# Negril.com Message Board Forums > Living in Jamaica >  We have a kitchen, electric,water, a bathroom, shower and a yard dog........

## captaind

*and internet too....

Next trip is May 2 for 6 nites..........Sleep at Seastar spend all day out on Zion Hill

Next trip sometime in August.......Sleep on Zion Hill for the first time since April 2, 1986....
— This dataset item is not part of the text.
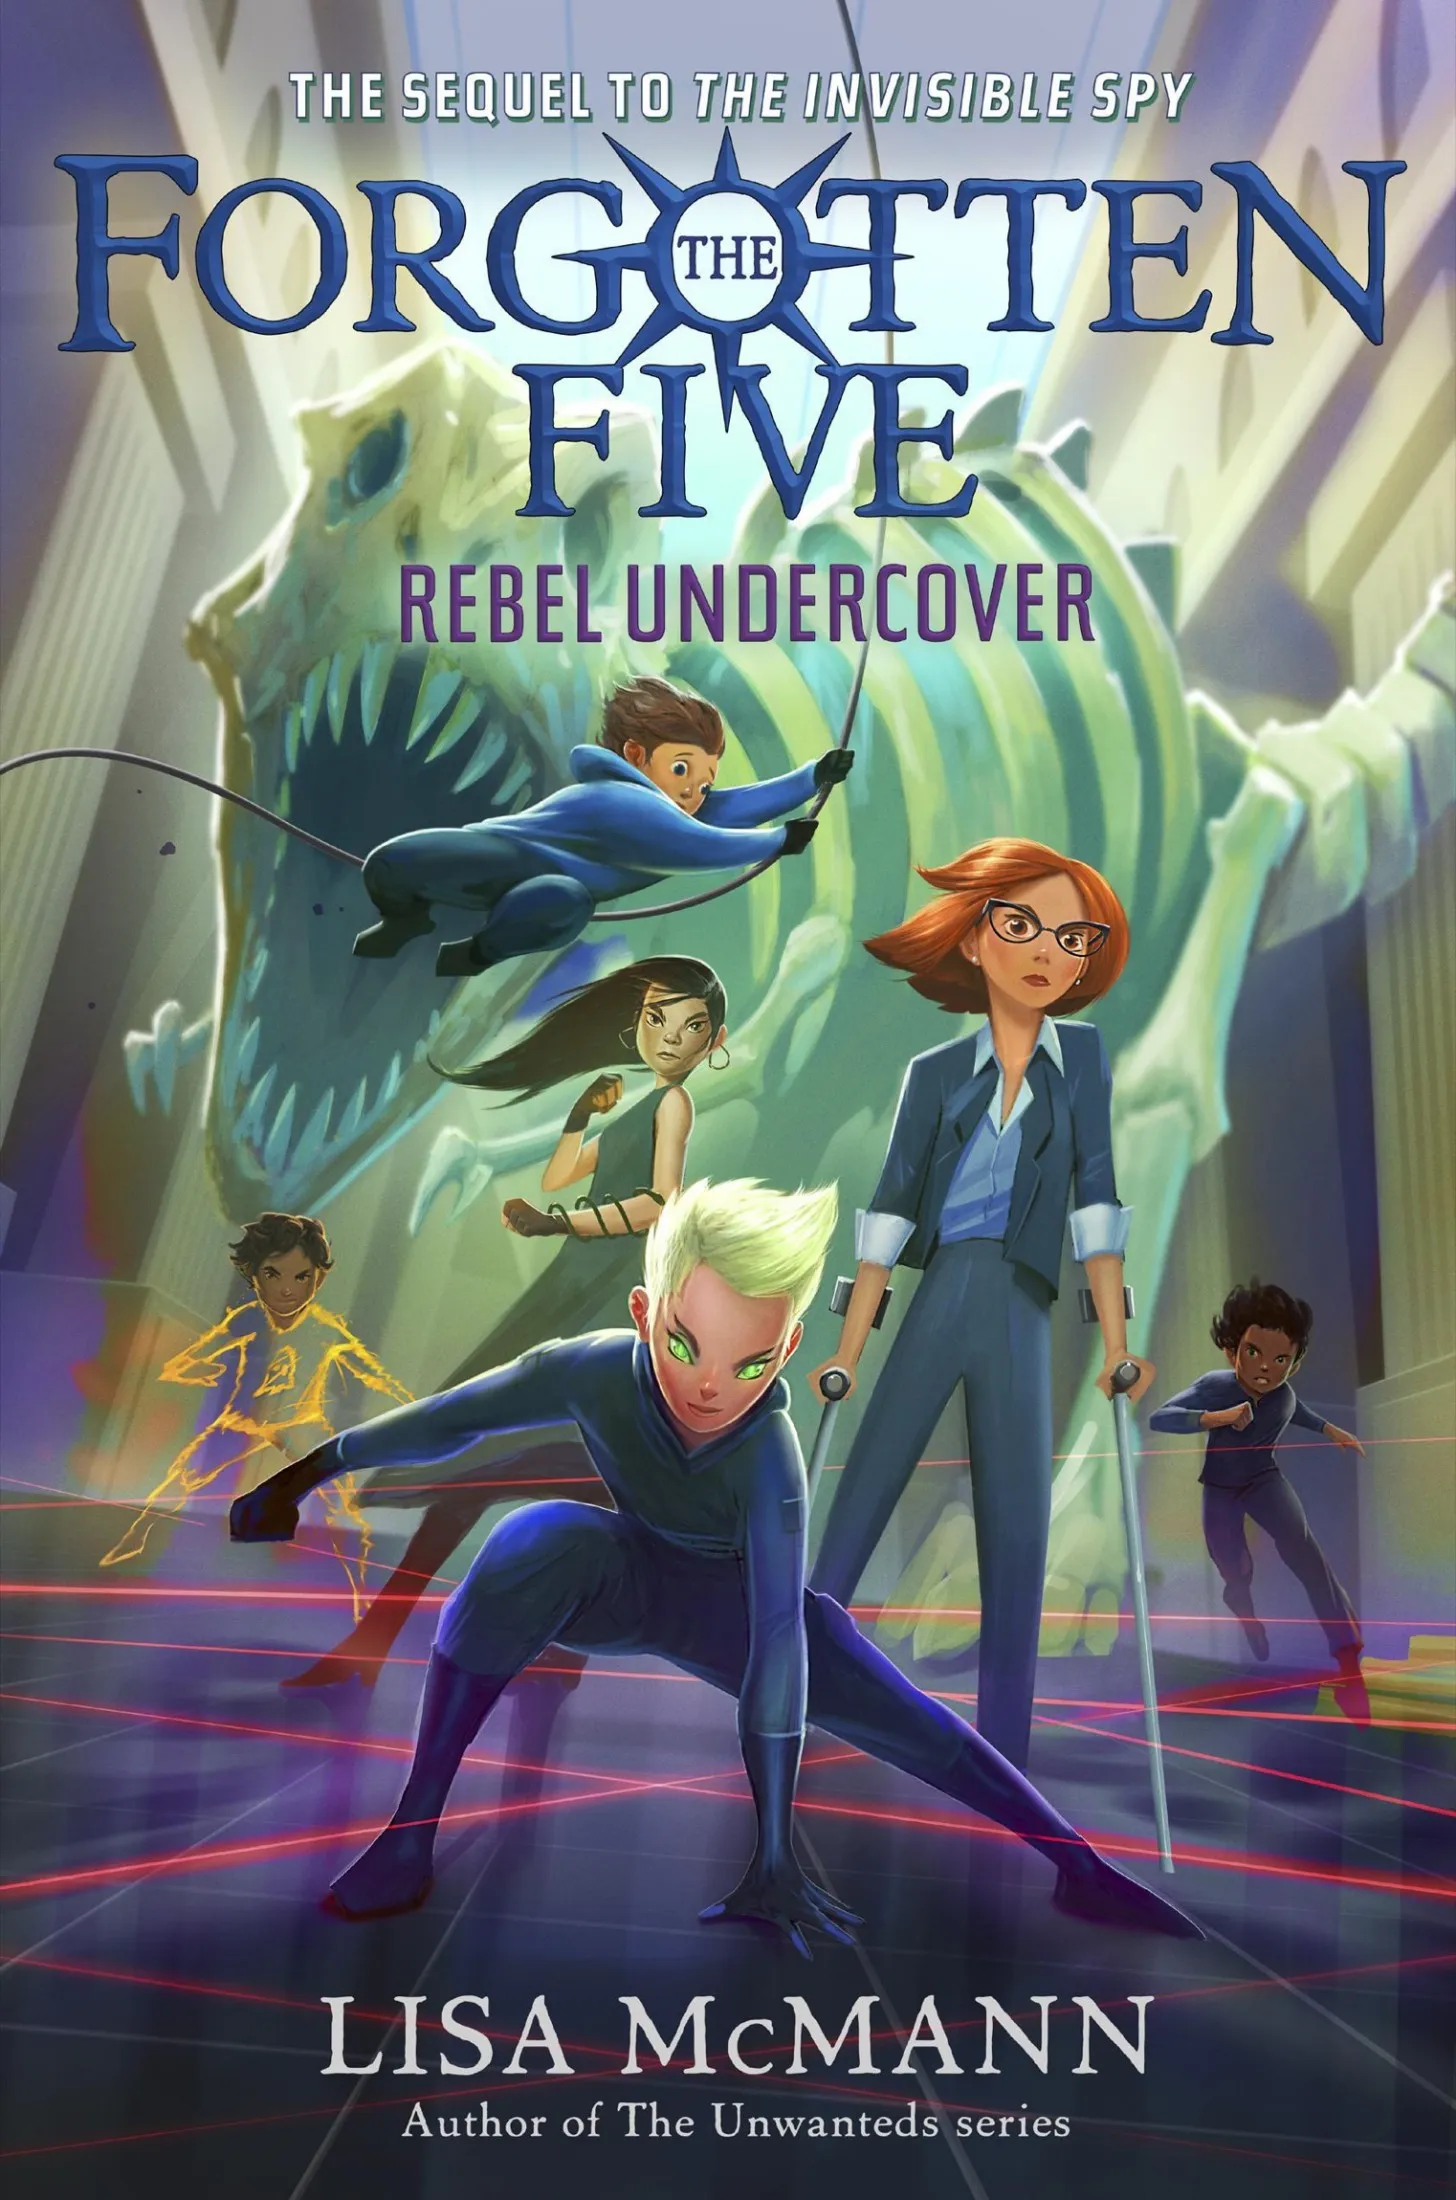 Rebel Undercover (The Forgotten Five #3)
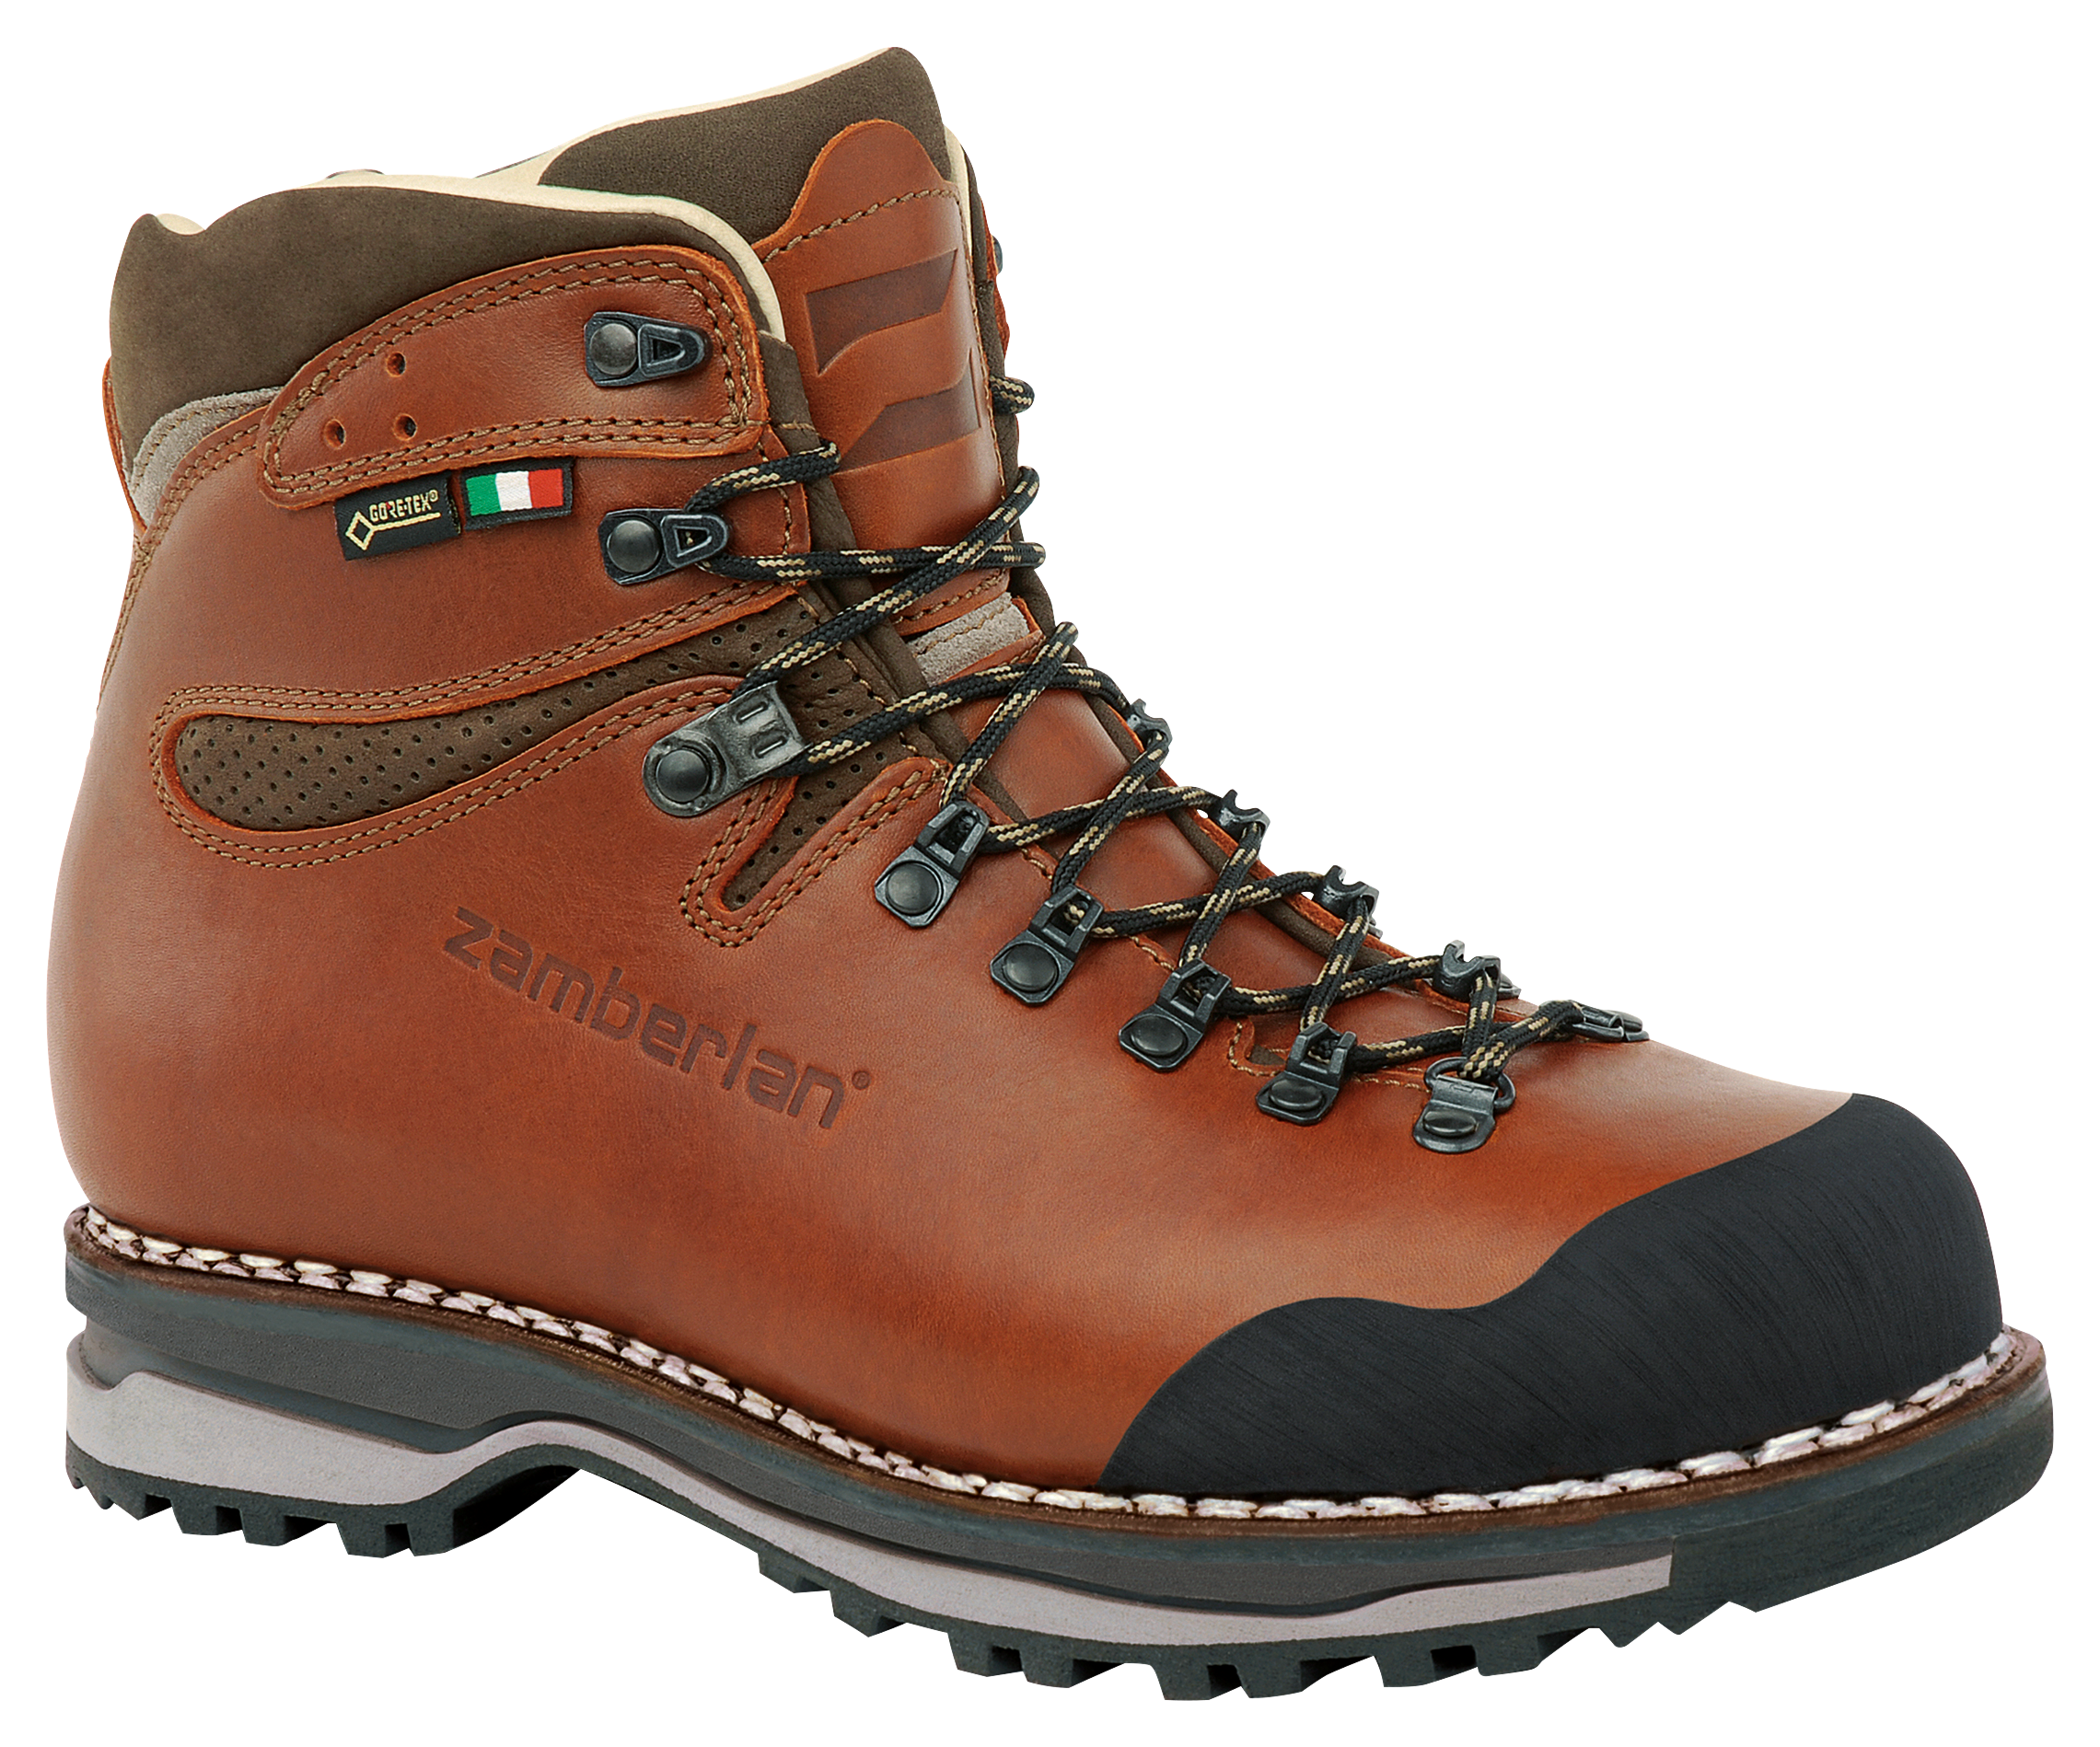 Zamberlan 1025 Tofane NW GTX RR Waterproof Hiking Boots for Men - Waxed Brick - 11M

Thanks to Linston....couldn't be done without him....I'm blessed

Cap*

----------


## Coco

Like!

----------


## yetta

Sweet!!! And a resort dog.....you are completing the package!!!  Looks awesome Captain!!  Congrats to you and all involved.
Next time I see you, I have no doubt Zion Hill will be home sweet home...with all the fixings!!  :Smile:

----------


## ESparks451

That wood grain is niiiiice.  


We will be at Tensing Pen that week in May.  Maybe will will catch ya at the Seastar bar or something something.

----------


## goldilocks

I'm so excited for you guys!  yes, that cedar (?) is lovely....cute puppy too - looks like a JamRotty (jamaican yard dog/rottweiler mix)!

----------


## captaind

> I'm so excited for you guys!  yes, that cedar (?) is lovely....cute puppy too - looks like a JamRotty (jamaican yard dog/rottweiler mix)!


The wood is guango.

----------


## goldilocks

Guango, thanks, it's very nice!

----------


## Archer

I'm going to make it up there with Linston this trip. I tried last time but, Tattoo Charlie makes us have too much fun and its hard to get out of bed some days. We need new pics. If you need anything brought down let me know.

----------